The real challenge is not size. It's a higher commitment. The right can disagree on God, nation, markets and manners because it converges around property rights, natural hierarchy and inherited advantage. Transformation is more difficult: it must name what is absent, imagine what could exist, judge between rival goods, and forge institutions strong enough to elicit shared sacrifice.
This is the Achilles heel of liberal contractarianism: Rawls can ask what rules citizens might choose behind a veil of ignorance; he cannot command self-transcendence. The hidden frailty of progressive politics lies between Arrow’s impossibility theorem and Freud’s “narcissism of small differences”; the future is morally underdetermined, and overlapping consensus on abstractions — freedom, dignity, equality, ecology, belonging — does not yield a substantive common good.
Democratic proceduralism cannot cure this. Neutrality may restrain domination, but counting preferences is not discerning justice. Worse, dispersing power institutionally is a losing strategy when plutocrats are capturing the state.
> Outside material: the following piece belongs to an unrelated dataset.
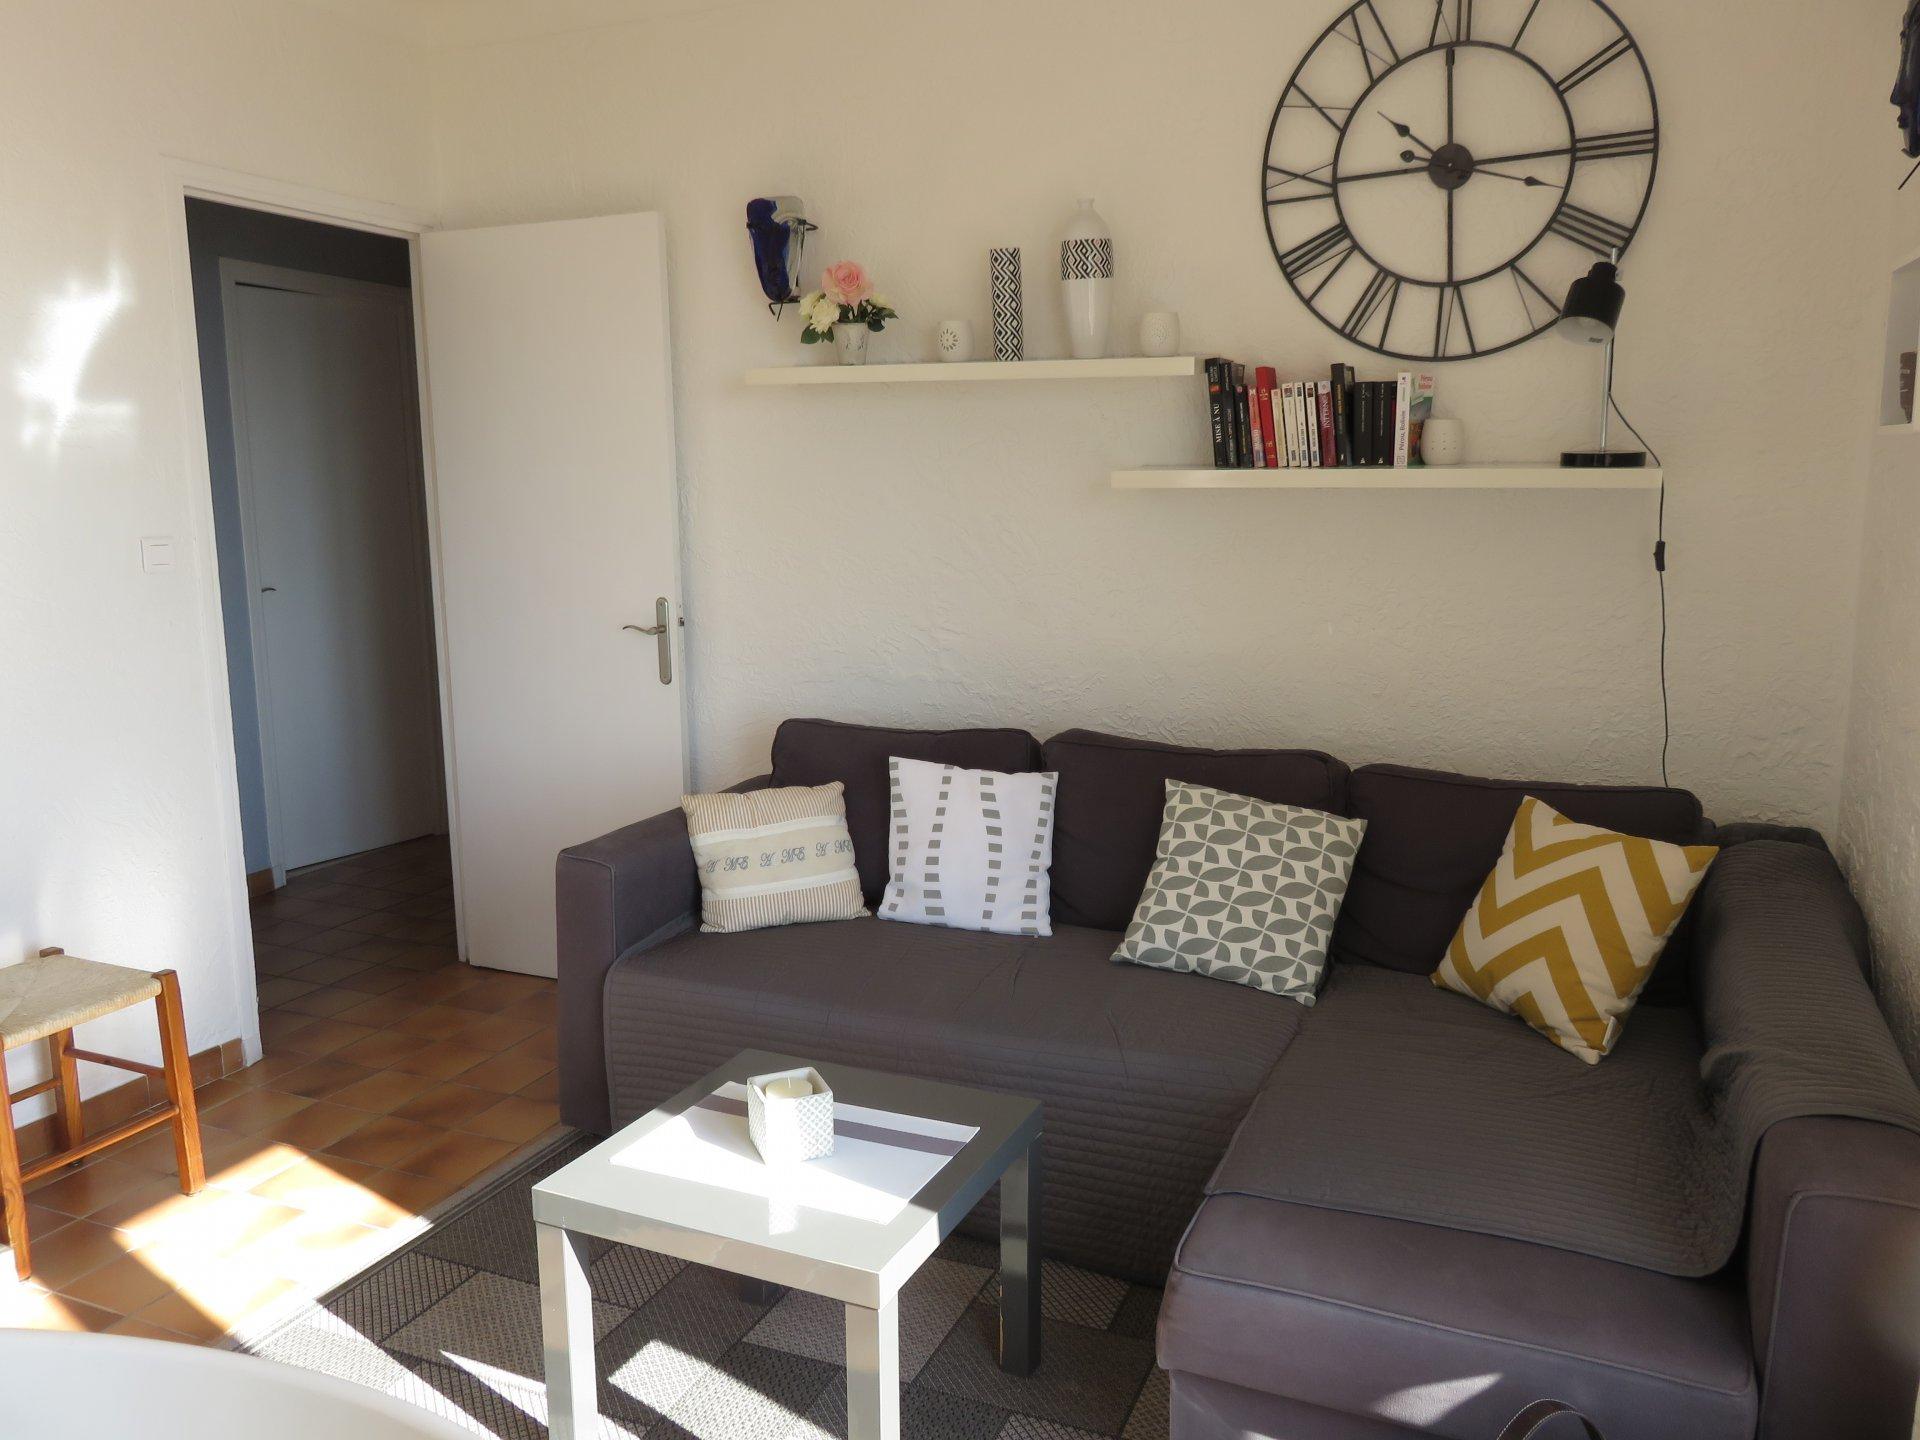 2/3 bedroom villa, cellar, garage

Michels was right: organisation favours the already organised.
Let me say it again, democracy cannot work; but then no country is genuinely democratic. We replaced the king’s monopoly of violence with parliamentary monopolies, then watched party politicians sell the franchise: institutions became bulwarks of special interest and concentrated power.
So the question isn't whether a band of modern Davids can beat Goliath. Even the most "inclusive" coalition of preferences will fail. The better myth is Exodus: transformation isn't the lucky sling, but a people constituted through law, ritual, relationship and covenantal submission to a transcendent horizon.
However hard it is for modern liberals to accept, every serious transformation has known this. The British labour movement, American abolitionism, the Protestant Reformation, civil rights and anti-apartheid prevailed not through luck or sentiment, but through sustained institutional craftsmanship — and a horizon larger than the self.
For a sustainable Europe, we must move beyond heroic individualism and loose movement-building toward the slower, harder work of moral and organisational architecture: turning private contradiction into public wisdom, raw power into service, and scattered energies into a common good worthy of allegiance.
Without that, Goliath need not fight. He simply waits.